Раньше, году скажем так в пятнадцатом, оно ведь как было: Приеду я в гости к дядюшке, а тот уже при полном параде за широко, по-богатому накрытом столом сидит подбоченясь, и смотрит на всё царящее окрест него великолепие спесиво и как бы одним лишь только взглядом уже говорит, что этим всем его не удивить, и что он, ежели пожелает, то во сто крат шире и изысканнее может себе организовать досуг. А супротив его уже дорогих сортов водка, только что взятая с холода и не ленясь перелитая в графинчик, изъятый по такому случаю из недр серванта. По графинчику ползёт, оставляя в изморози кривенький след, горючая слеза, а чуть поодаль уже и лафитничек дожидается принять в себя сокровенное.
А за этим, как вы уже наверняка догадались, дело не станет, и вот уже дядюшка чинно даже не выпивает, а втягивает в себя ледяную, заграничную, а потом, довольно крякнув и беззлобно выругавшись, хватает щепотью прямо из хрустальной салатницы крупного посола капусту и долго ею хрумкает, довольно щурясь.
И так — до трёх раз кряду, но не скоропалительного пьянства ради, а исключительно лишь для соблюдения неписанного этикета потребления. Окончив с третьей, он откидывался на спинку стула, обстоятельно закуривал, и помахивая перед лицом жирно блестящими капустным соком пальцами, начинал мыслить государственно и всё больше вслух.

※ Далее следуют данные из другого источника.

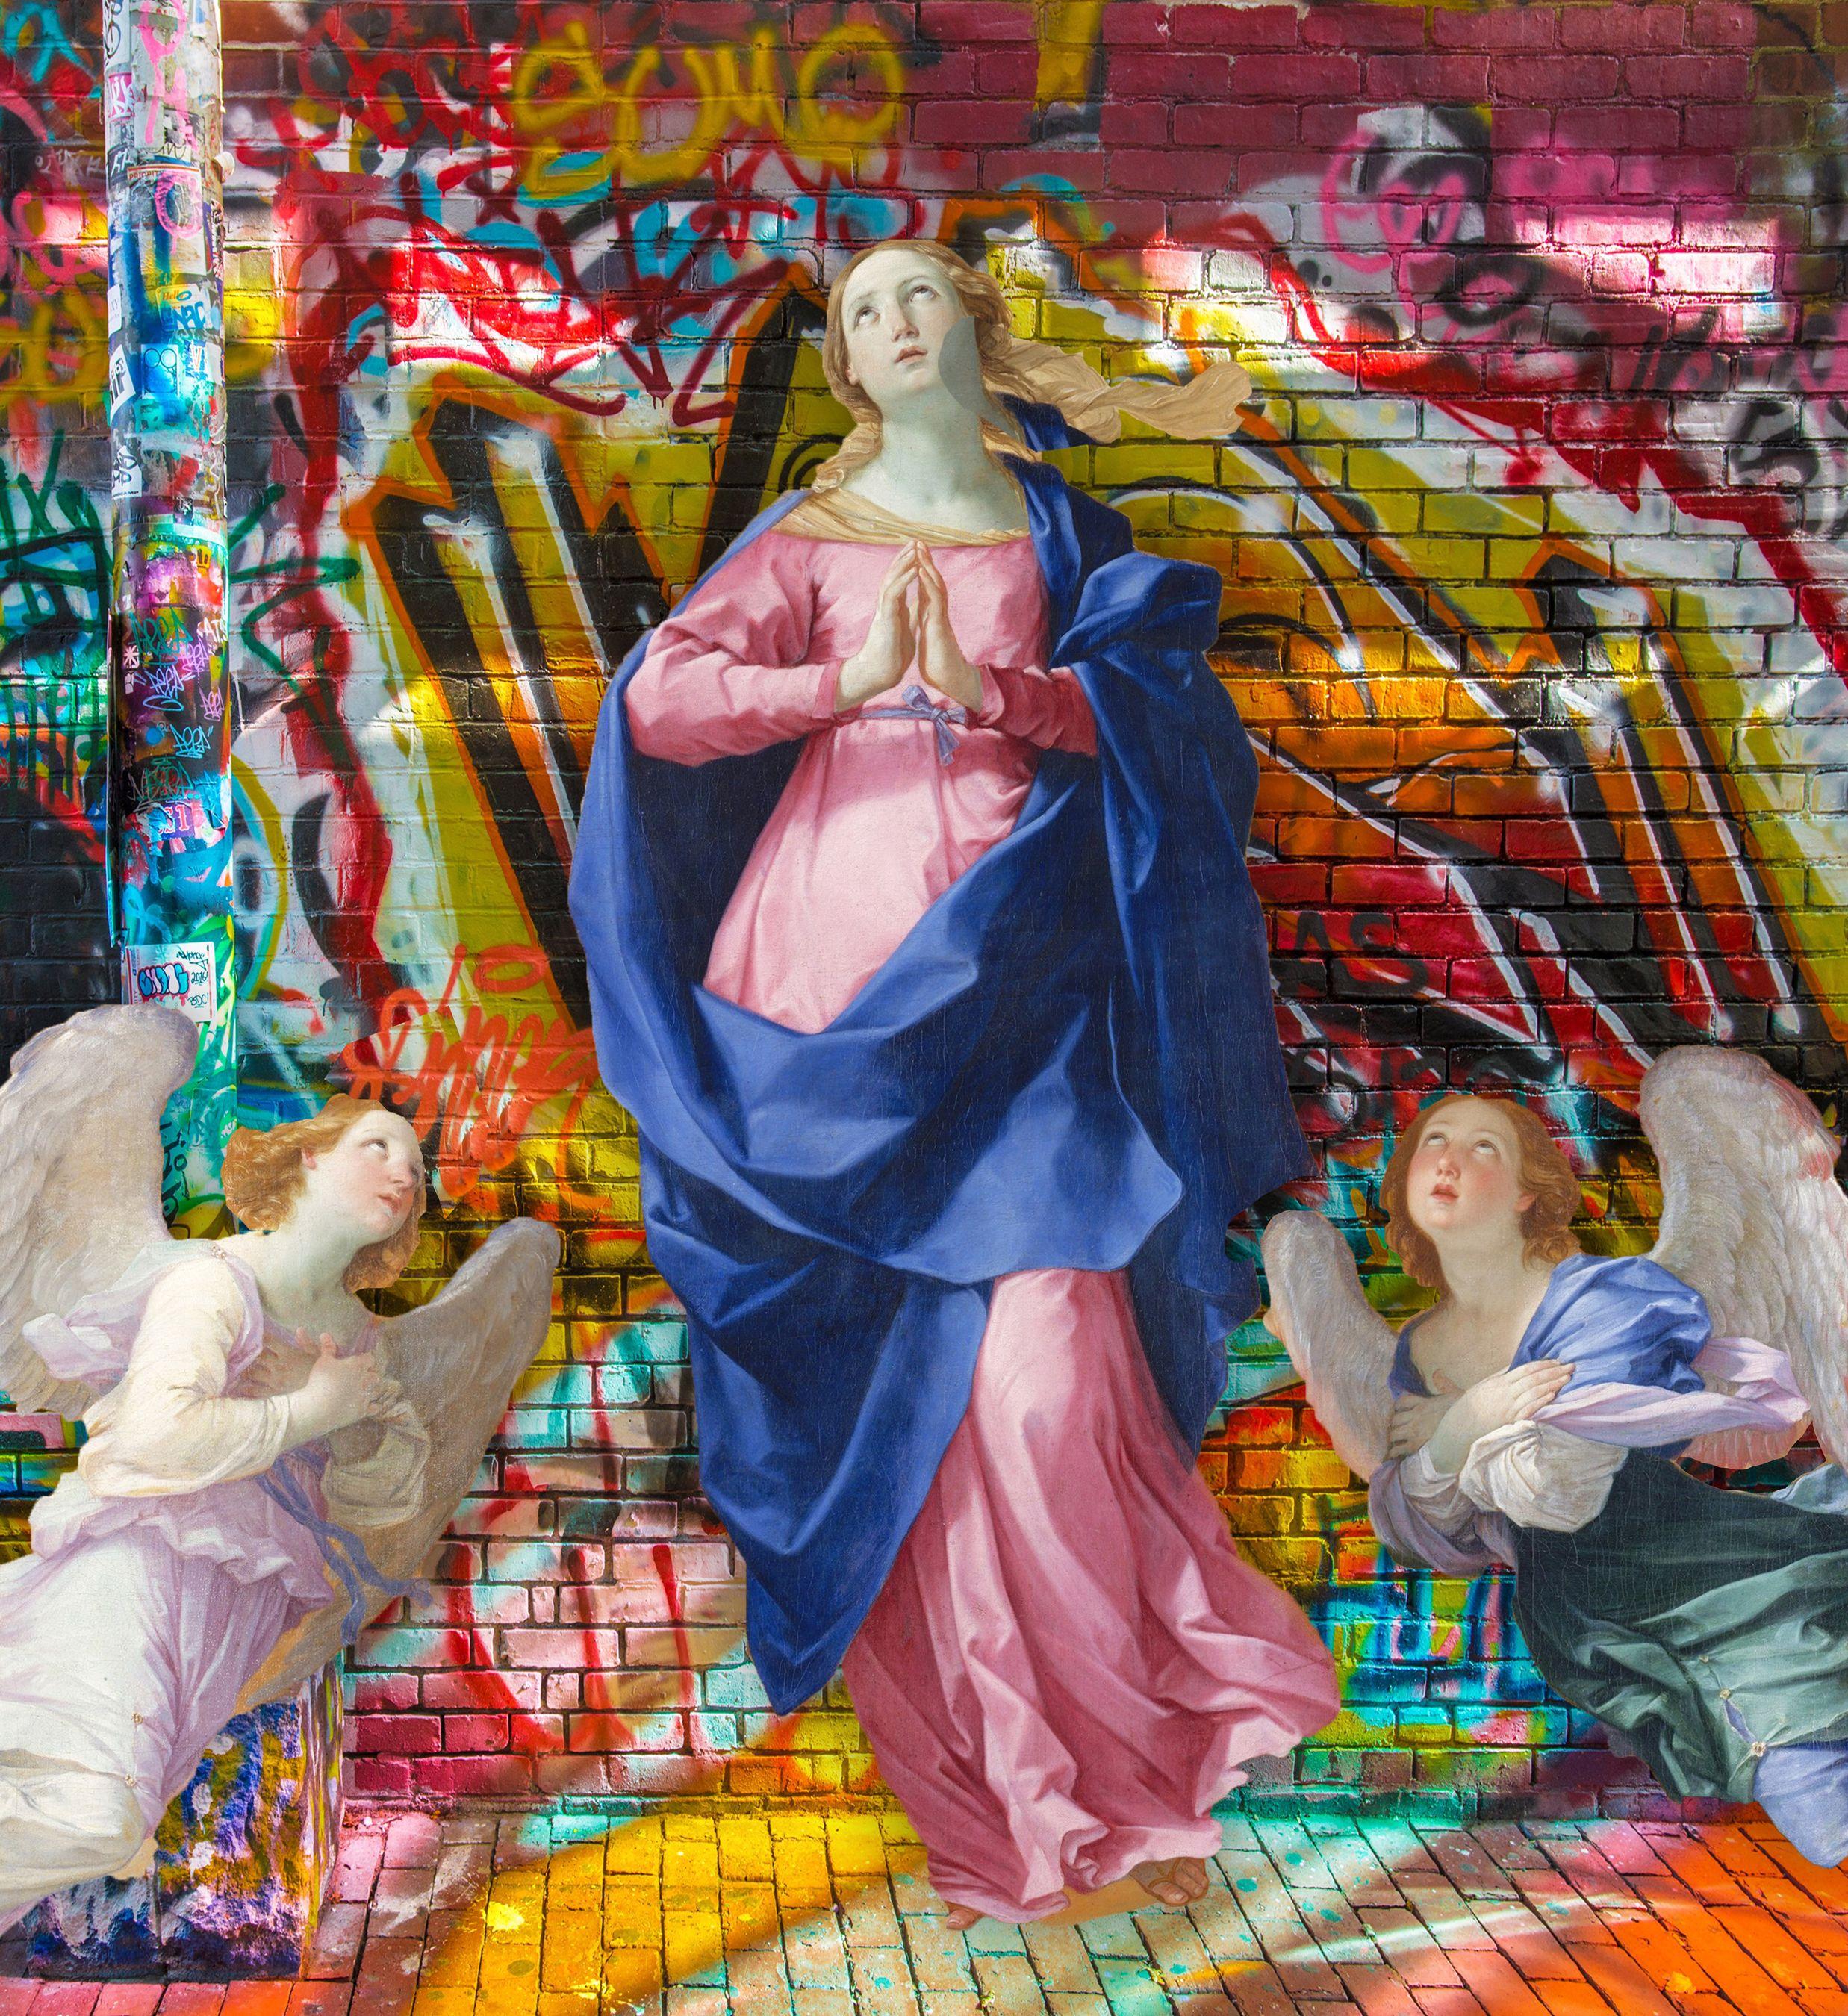 graffiti Saint Woman, Mixed Media on Canvas - Mixed Media Art by Tony Rubino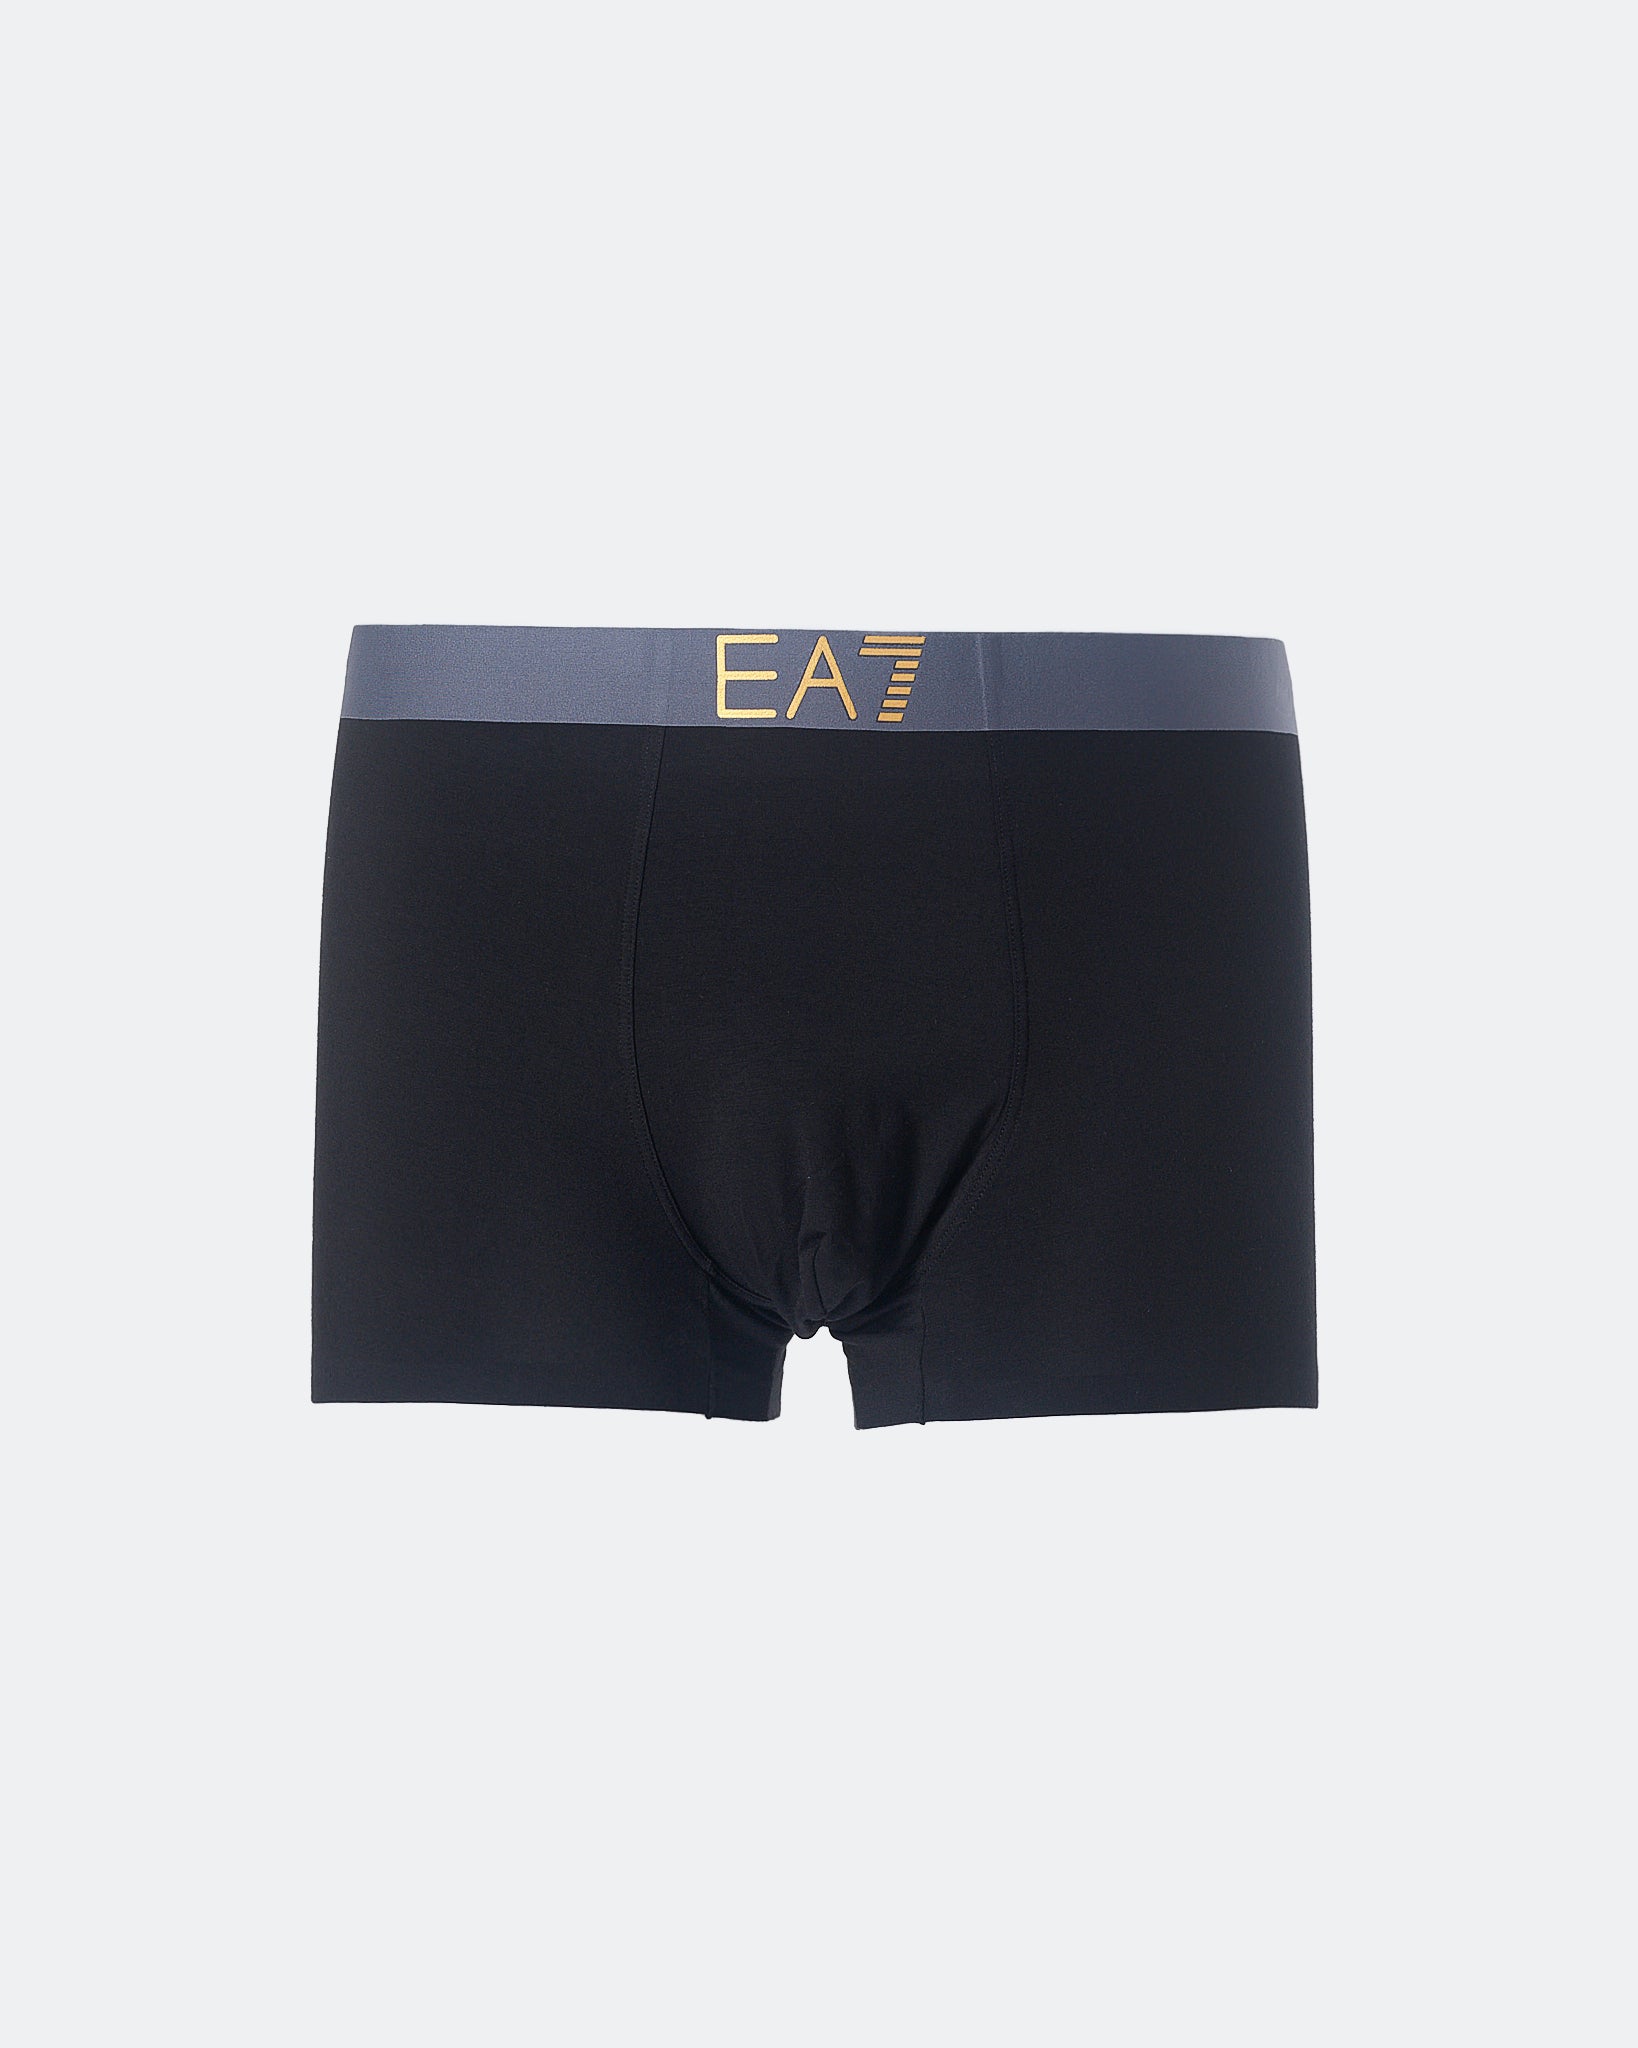 ARM EA7 Logo Printed Men Black Underwear 7.50

Всё, решительно всё человеку нравилось и всем он был в полнейшей степени доволен. Одобрительно кивал он мурлыкающему телевизору и сам излагал имеющиеся у него взгляды на происходящее, всё больше налегая на вещи масштабные, далеко идущие, отмечая значимые вехи и важные свершения. Спортивные ли то победы, внешнеполитические ли дела, иная ещё какая ракета полетела куда-то — всё дядюшку моего неизменно умиротворяло и наливало особым, благостным светом, коим он, сидя за широким своим столом, светился густо, хоть и не особо ярко, вроде как за миллиарды километров непроглядного мрака отсюда, красный карлик неспешно рдеет в чёрных пустынях космоса, не хватая особых признаний, но в тоже время с неизменным достоинством и таким самодовольством, что любо-дорого, и иным бы излишне ярким выскочкам — и поучиться не грех такому то.
Сейчас такой роскоши увы нет. Стол у дядюшки как и прежде широк и хлебосолен, это да, но что-то в какой-то момент пошло не так в казалось бы отлаженной годами схеме. Графинчика нет, и непонятно куда девался, равно как и лафитник куда-то начисто запропастился. Спиртное, хоть и по прежнему не из дешёвых, однако стоит по казённому в изначальном своём купаже и охлаждено крайне скверно, практически вовсе не охлаждено. Нету былой купеческой удали, не та фактура.
И потребляет оное питье дядя всё больше морщась, рывком, без былой грации и пластики, и всё больше ни как удовольствие, а повинности досадной подобно.
Выпив, сразу закуривает, на закуску даже и не смотрит, и разговор заводит угрюмый, бесперспективного характера. Эти у него, понимаешь ли, сволочи, а те — натурально черти. Путают берега, не вывозят абсолютно и творят сущую вакханалию.
Телевизор стал смотреть редко, былых ток-шоу да сериалов про месть Хромого нет и в помине. Смотрит по большей части что-то невнятное, про путешествия и жизнь муравьёв в тропических странах.
И вроде ведь не хвор, и на возраст пенять ещё рано, а вот на тебе, такое вот разительное отличие от былого. Ума ни приложу, от чего человек так скуксился, с чего на него такой морок навалился.
А тут ещё и племяш непьющий, сидит как истукан со своим чаем, да отвечает односложно. Одни расстройства, короче.
Такие вот наблюдения в отдельно взятом сегменте реальности.